One range is to be output from the listing below, exactly as written: the line with "Chef facing the" to the line with "The Torque Ring", both kept.

# [Data extract]
--- START ---
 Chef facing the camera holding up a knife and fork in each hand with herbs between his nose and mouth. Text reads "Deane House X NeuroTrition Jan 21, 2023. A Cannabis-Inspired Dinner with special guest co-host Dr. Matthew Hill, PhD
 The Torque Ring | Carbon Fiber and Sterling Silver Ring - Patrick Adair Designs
--- END ---
--- START ---
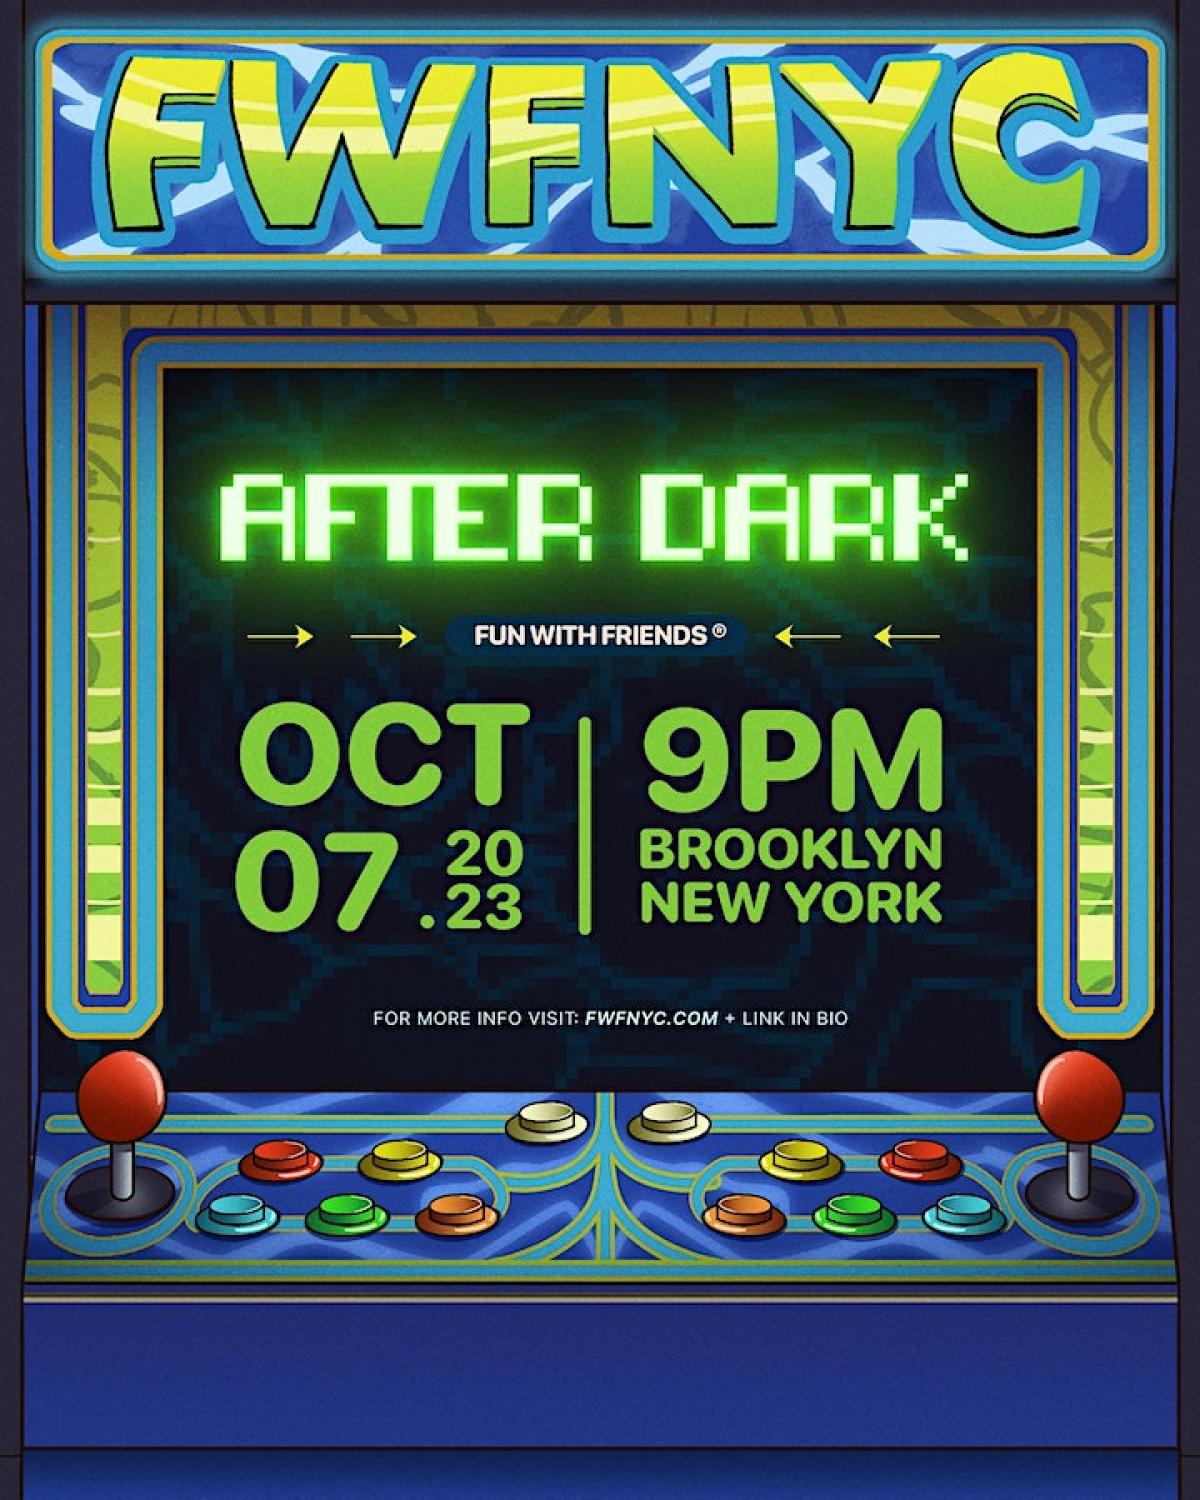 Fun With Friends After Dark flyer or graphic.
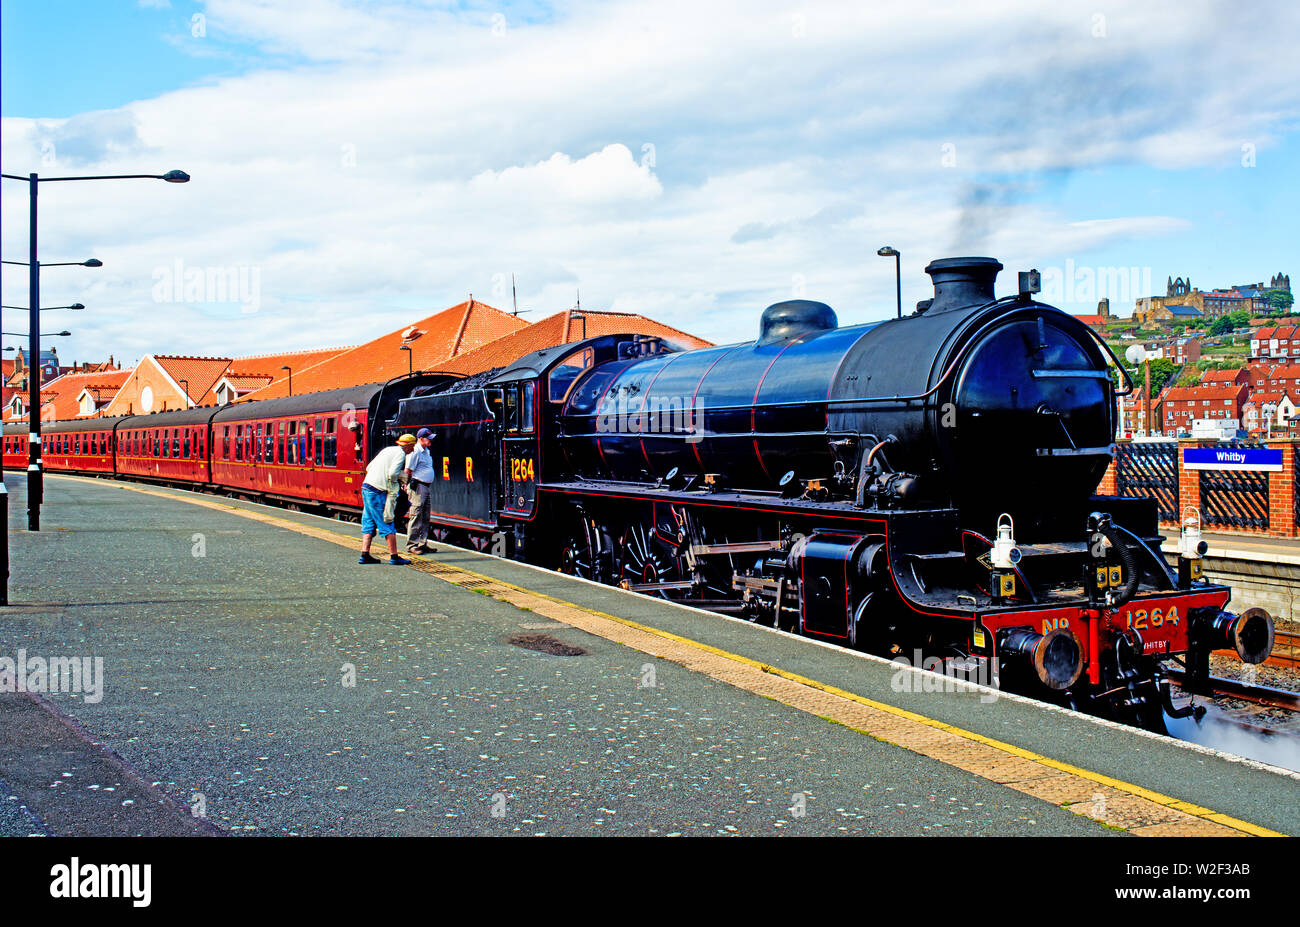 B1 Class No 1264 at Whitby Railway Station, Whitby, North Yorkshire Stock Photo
--- END ---
# [Exercise response]
 Chef facing the camera holding up a knife and fork in each hand with herbs between his nose and mouth. Text reads "Deane House X NeuroTrition Jan 21, 2023. A Cannabis-Inspired Dinner with special guest co-host Dr. Matthew Hill, PhD
 The Torque Ring | Carbon Fiber and Sterling Silver Ring - Patrick Adair Designs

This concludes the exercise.